Die deutsche politische Kultur hat sich in eine andere Richtung entwickelt, und dafür gibt es gute Gründe. Wenn daher auf den folgenden Seiten die späteren Lebenswege der im November 1918 entthronten deutschen Herrscherfamilien nachgezeichnet werden, so geschieht dies nicht in der Absicht, einem monarchischen Revisionismus das Wort zu reden. Die Herrschaft der Fürsten ist unwiderruflich vorbei, und niemand kann ernsthaft mit ihrer Wiederkehr rechnen. Hier soll vielmehr eine von der historischen Forschung bisher weitgehend unerkundete Geschichtslandschaft erschlossen und – eigentlich erstmals zusammenhängend – einem breiten Lesepublikum vorgestellt werden. Dass dies nur in groben Umrissen und unter Vernachlässigung zahlreicher Details geschieht, mag angesichts der Fülle des Stoffes entschuldbar sein: Immerhin werden 19 bis zur Revolution amtierende Fürsten in 22 landesstaatlichen Monarchien und die dem Novembersturm nachfolgenden Entwicklungswege ihrer Dynastien vorgestellt.

Viele der damals Entthronten besaßen persönliches Format und ausgewiesenes Verantwortungsgefühl, entfalteten rege kultur-, bildungs- und wohlfahrtspflegerische Aktivitäten und waren aufs Ganze gesehen doch weit mehr als bloße Winkelfürsten einer Duodezherrschaft. Im Fokus dieses Buches steht nicht nur die Frage, wie sie nach ihrem Abgang den Verlust von Amt und Würden bewältigten und in einer neuen, nunmehr republikanisch geprägten Umgebung gesellschaftlich »oben« zu bleiben versuchten.
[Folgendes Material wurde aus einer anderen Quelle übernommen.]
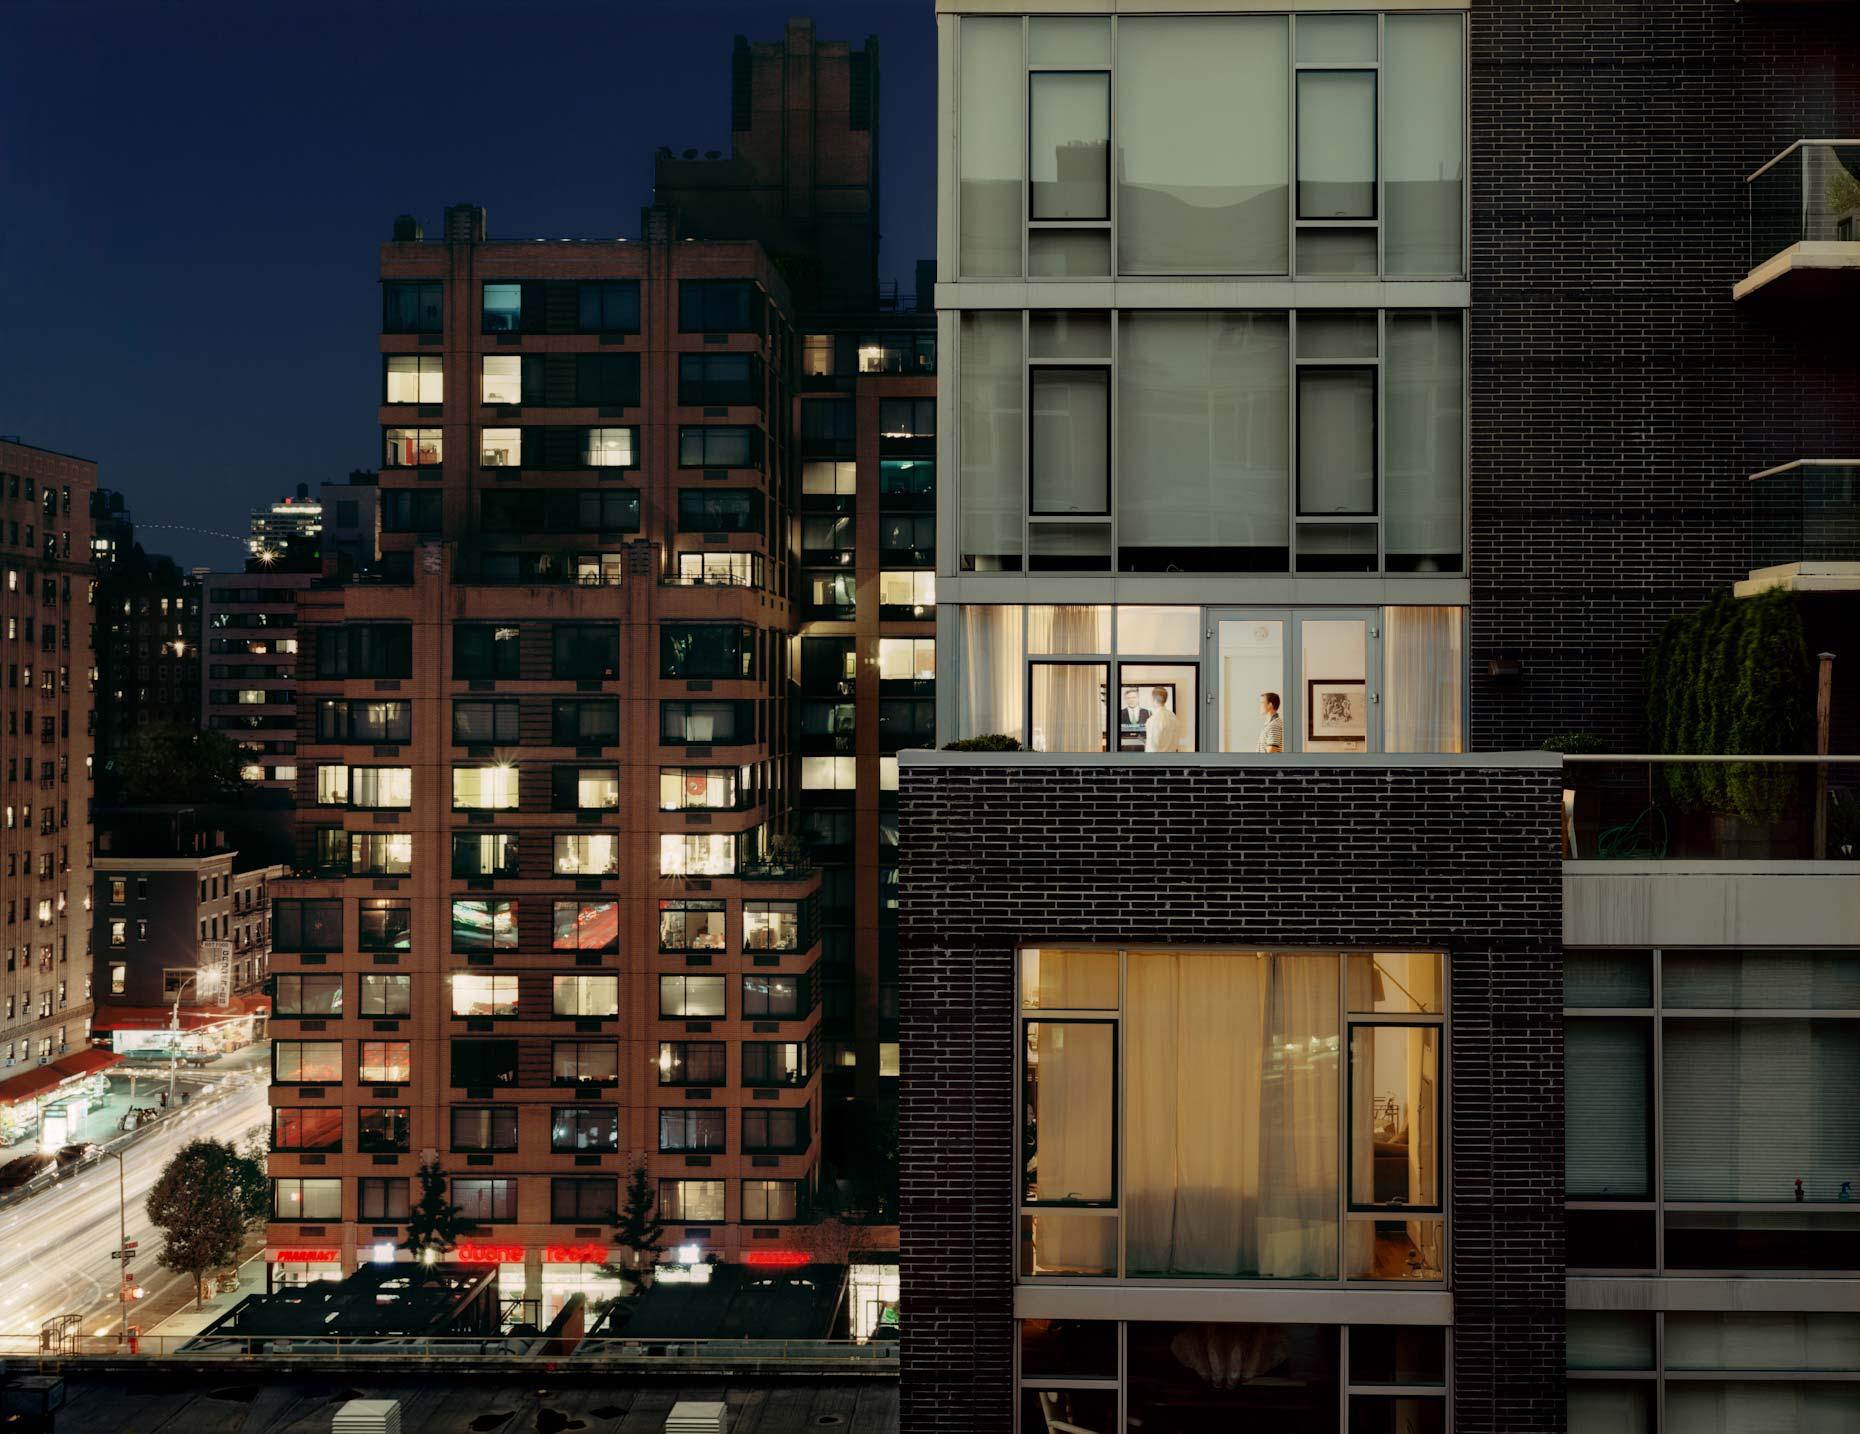 out-my-window-by-gail-albert-halaban-gessato-5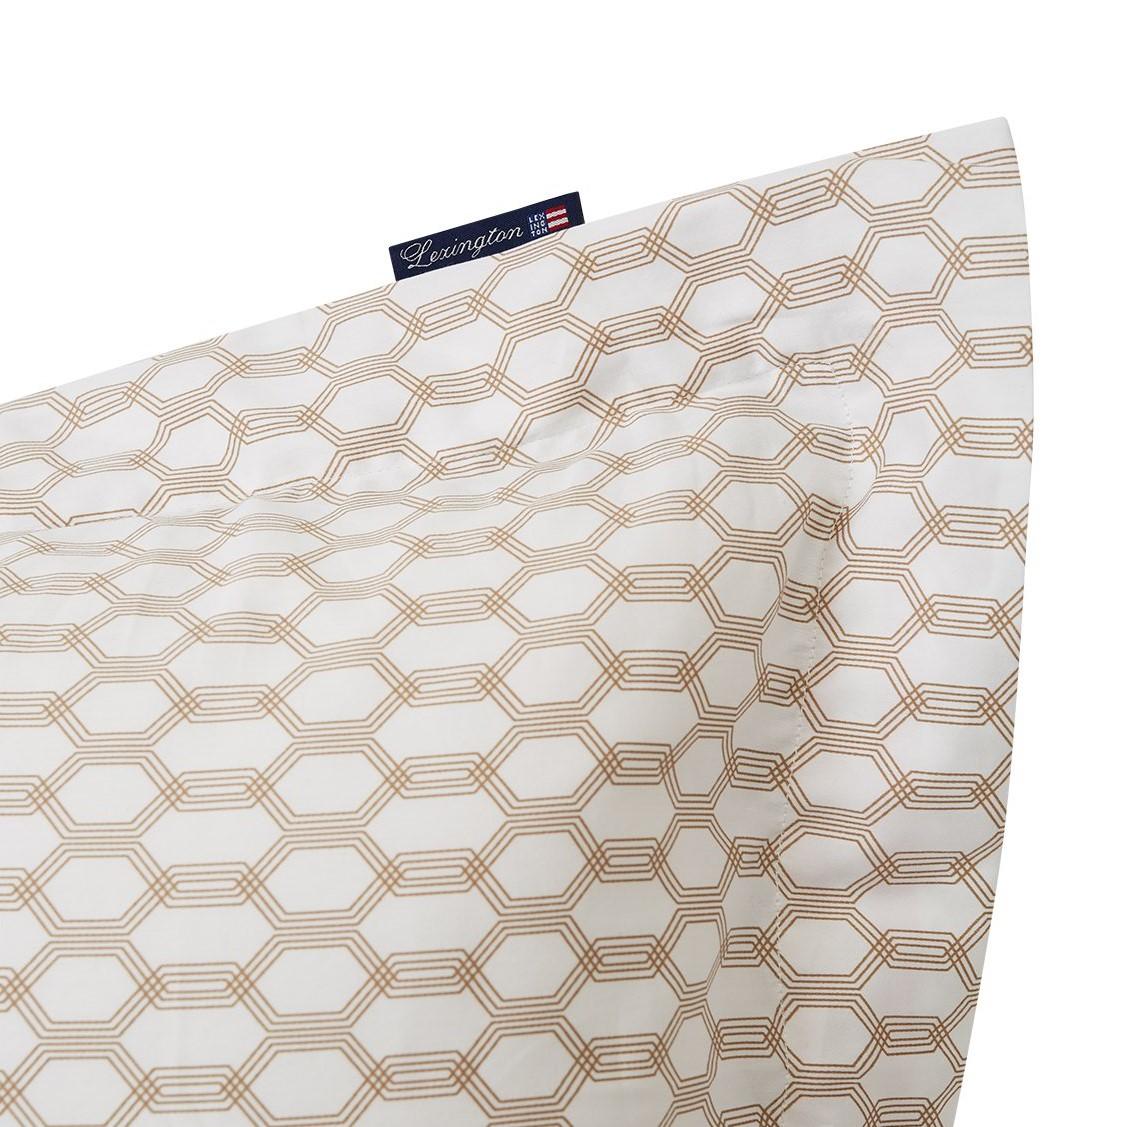 "LEXINGTON COMPANY - Bettdeckenbezug ""Printed Cotton Sateen"""

Es geht auch darum, mit welch unterschiedlichen Strategien ihre jeweiligen Nachfolger als Familienchefs die teils als Verpflichtung, teils als Belastung empfundenen Traditionen ihres Hauses fortführten und wie sie sich in den unterschiedlichen politischen und gesellschaftlichen Systemen bewährten – oder ihnen gegenüber versagten. So entsteht ein facettenreiches Kaleidoskop hochadliger Lebenswege, mit ihren Kontinuitäten und Brüchen, ihren Höhepunkten und ihren Verirrungen, die auf ihre Weise deutsche Schicksale im 20. Jahrhundert widerspiegeln.